Why Invest in Gold?

why invest in gold
Golden glow would not ever fade

Indians are known for buying gold. Indian people buy the gold than any other country. Here are some interesting and eye-opening facts about gold:
1) Indians was purchase 700 tons of gold in 2006.
2) 18% of annual global demand for gold that India's demand.
3) Mostly Indians have as jewelry of gold is more than 14,000 tones. It is 10% of the world's reserved gold !
4) Indians have much more gold than U.S., FRANCE and GERMANY governments have the total gold!
Of course, Indians love gold immensely! But gold is used for investment? No. As we saw, most of India use gold as ornaments. Almost 73% of total gold demand in India to make ornaments is used.

Why invest in gold?

Hold as gold jewelry is not the optimal way to invest in gold. (To read more about it read "you have invested in the jewelry / ornaments?”) To be on everyone's portfolio, gold is definitely desirable.

So, let's go to discussed about the importance of gold as an investment.

Why gold should be part of your portfolio? Why should you invest in gold? The reasons are:  Negative correlation with other asset classes.

Gold prices are too funny - when the price of everything else (such as crude oil, real estate and stocks) is rising, then price of gold is usually low. But in other asset prices are falling, then strength is coming in gold prices!

This is therefore because gold is seen as the safest investment even safer than investing in government-backed securities! So, when other assets are declining in value, people tend to start investing in gold for safety.

Protection against depression (hedging)

Due to its negative correlation with other assets Gold is preferred investment in time of economic recession.
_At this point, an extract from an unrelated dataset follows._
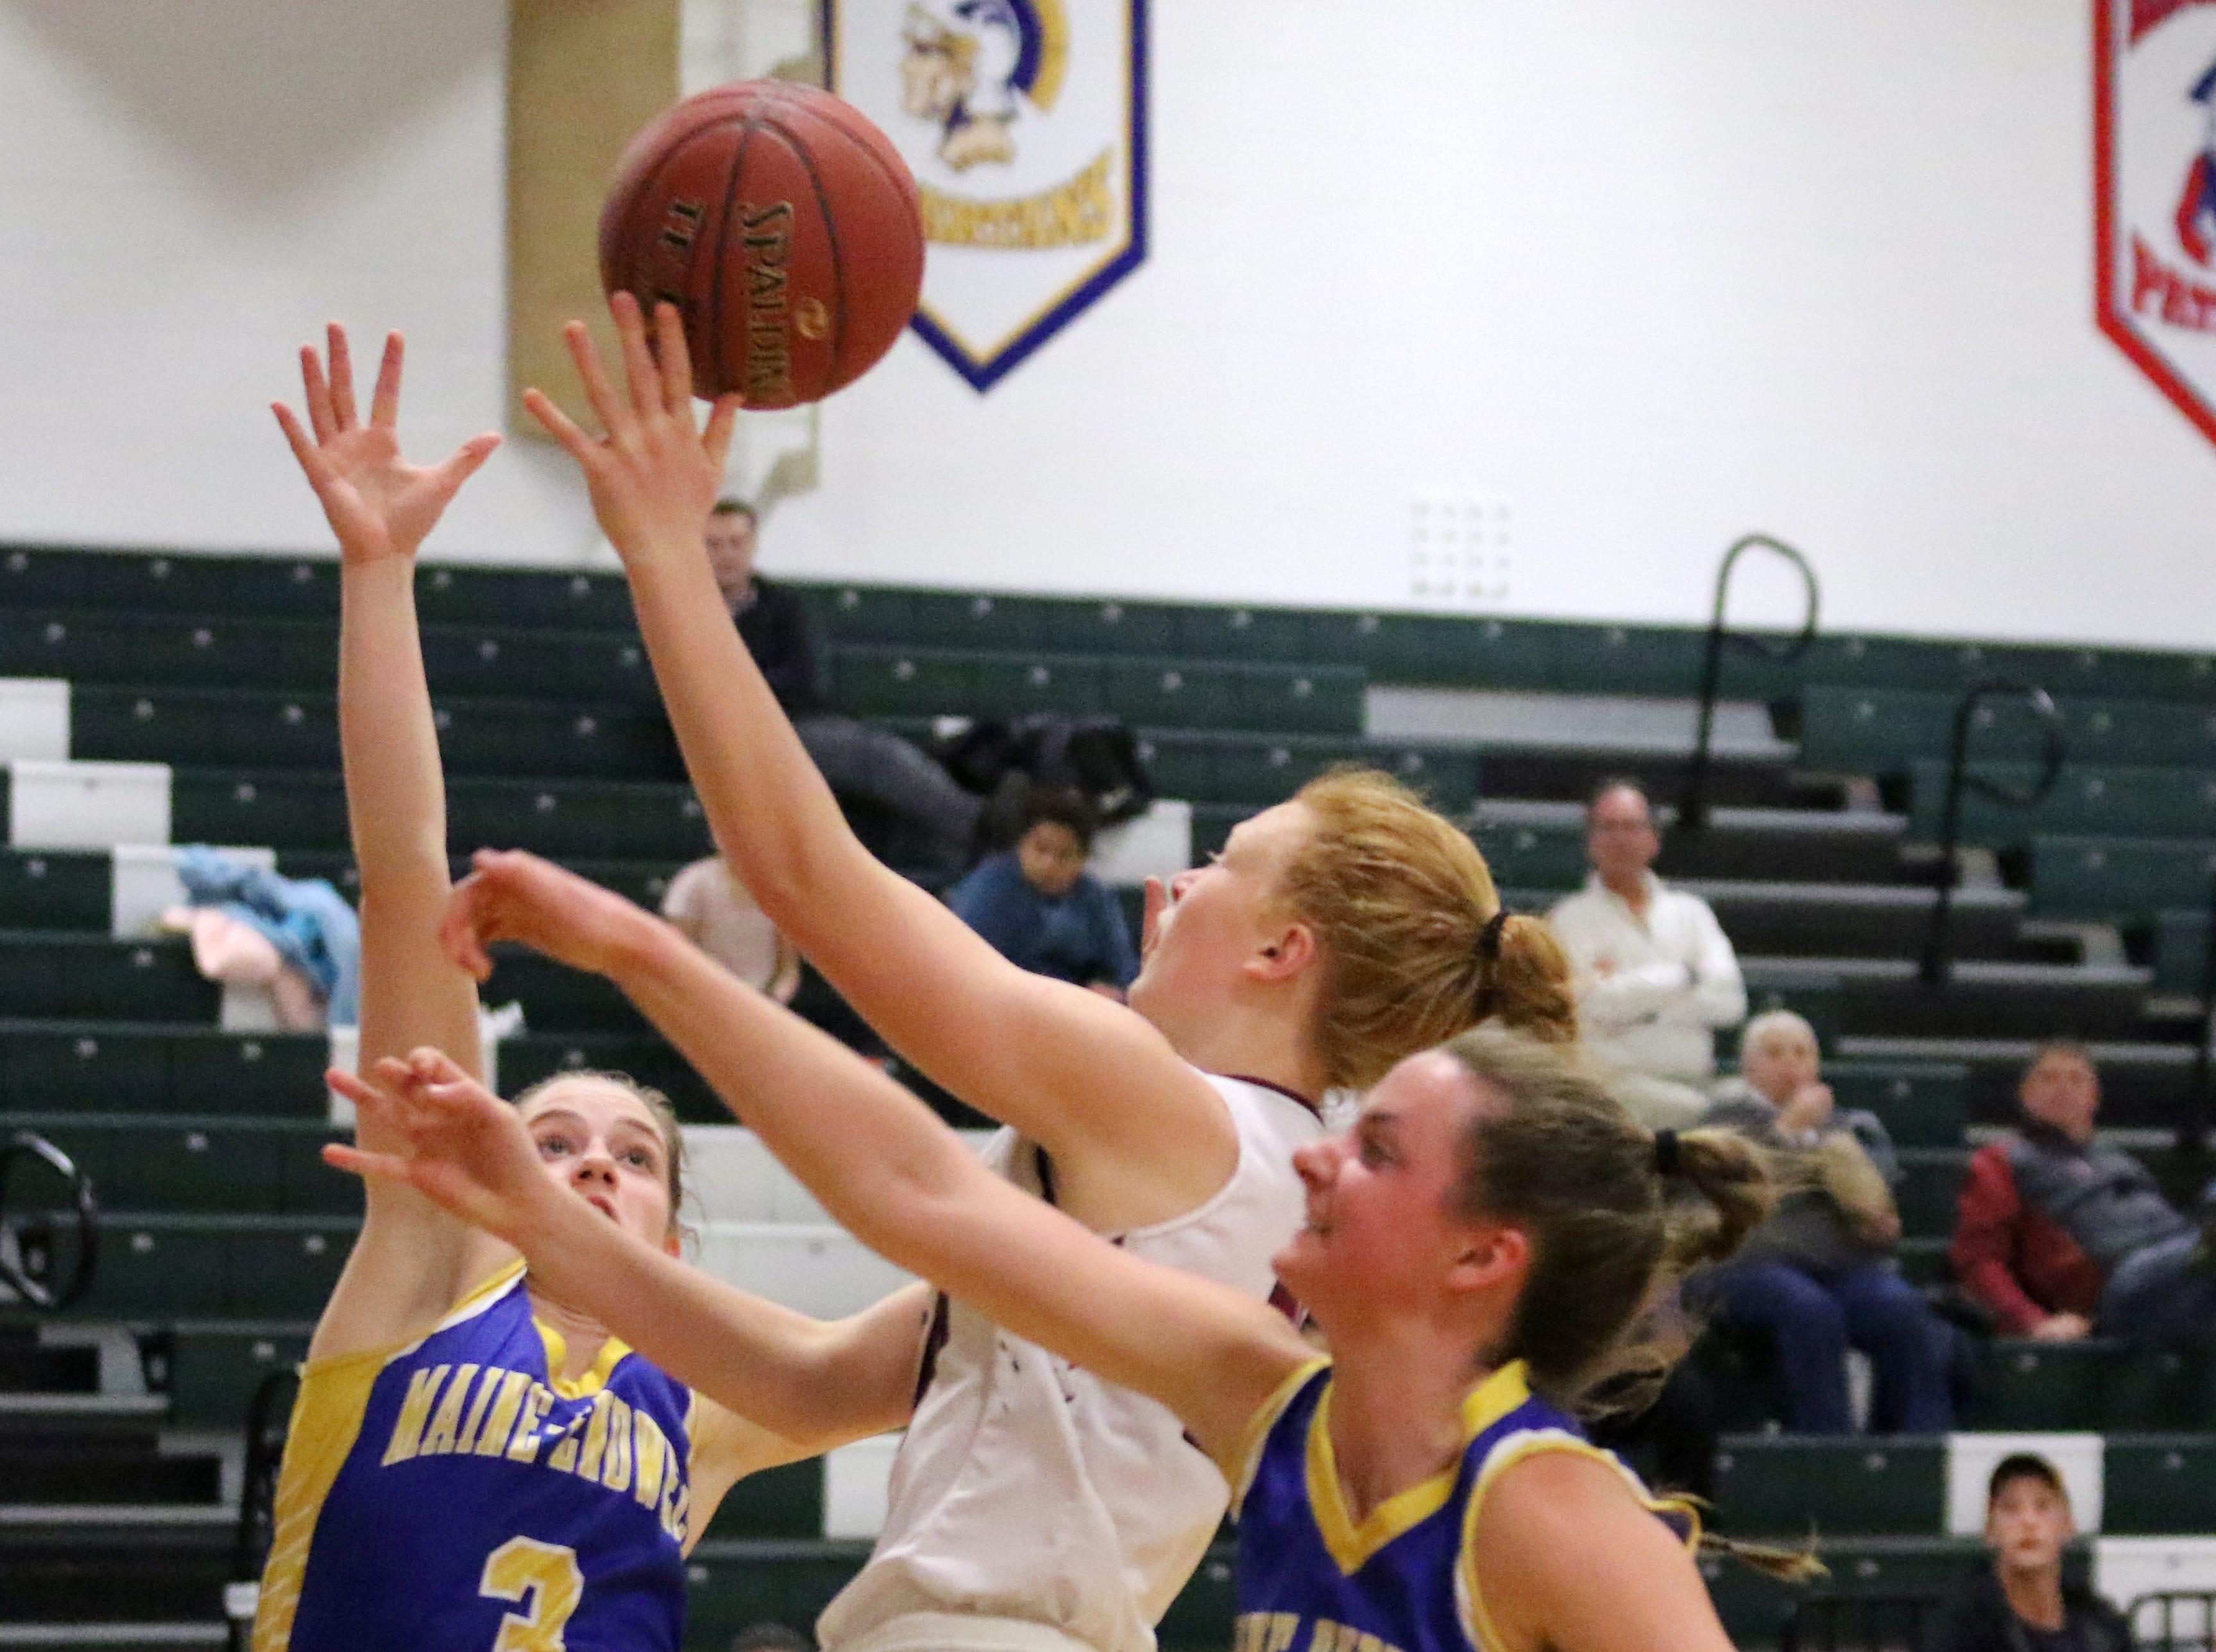 Action from the Elmira girls basketball team's 57-55 win over Maine-Endwell on Jan. 28, 2019 at Elmira High School.

During the recession of the economy people lost faith in the future is, and all other assets of the price decreases. But since gold is more secure than government bond, people start buying gold as Security (hedging). That is why in times of economic downturn increases the price of gold.

So if gold in your portfolio, you will be protected to the extent that against the economic downturn.

Protection (hedging) against inflation

On average, inflation in the long term gold is defeated - though a small margin. Historically, about 7% of gold per year profit (return) does. It is not spectacular, but it certainly does beat inflation. Gold has maintained its purchasing power from many Thousands of years.

Investing in gold against inflation and economic recession works as an insurance policy. Keeping an eye on profits from investment in gold is a key that always give comfort because you never have to pay periodical insurance for it.

Another aspect of gold coins

If you invest in gold, so during times of economic boom will reduce your total profit. But you save your profits in times of economic downturn find that we have to compromise!

Conclusion - The Gold is forever

Thus we can conclude that gold should be a part of everyone's portfolio. But the next question is how much gold you need? How much percentage of your portfolio you should invest in gold?

Usually according to an approx law (rule of thumb) you should invest in gold around 10% of the portfolio. The investment of your portfolio in gold will work as a solid pillar or core and your portfolio economic up - and down will give strength to withstand with little effect.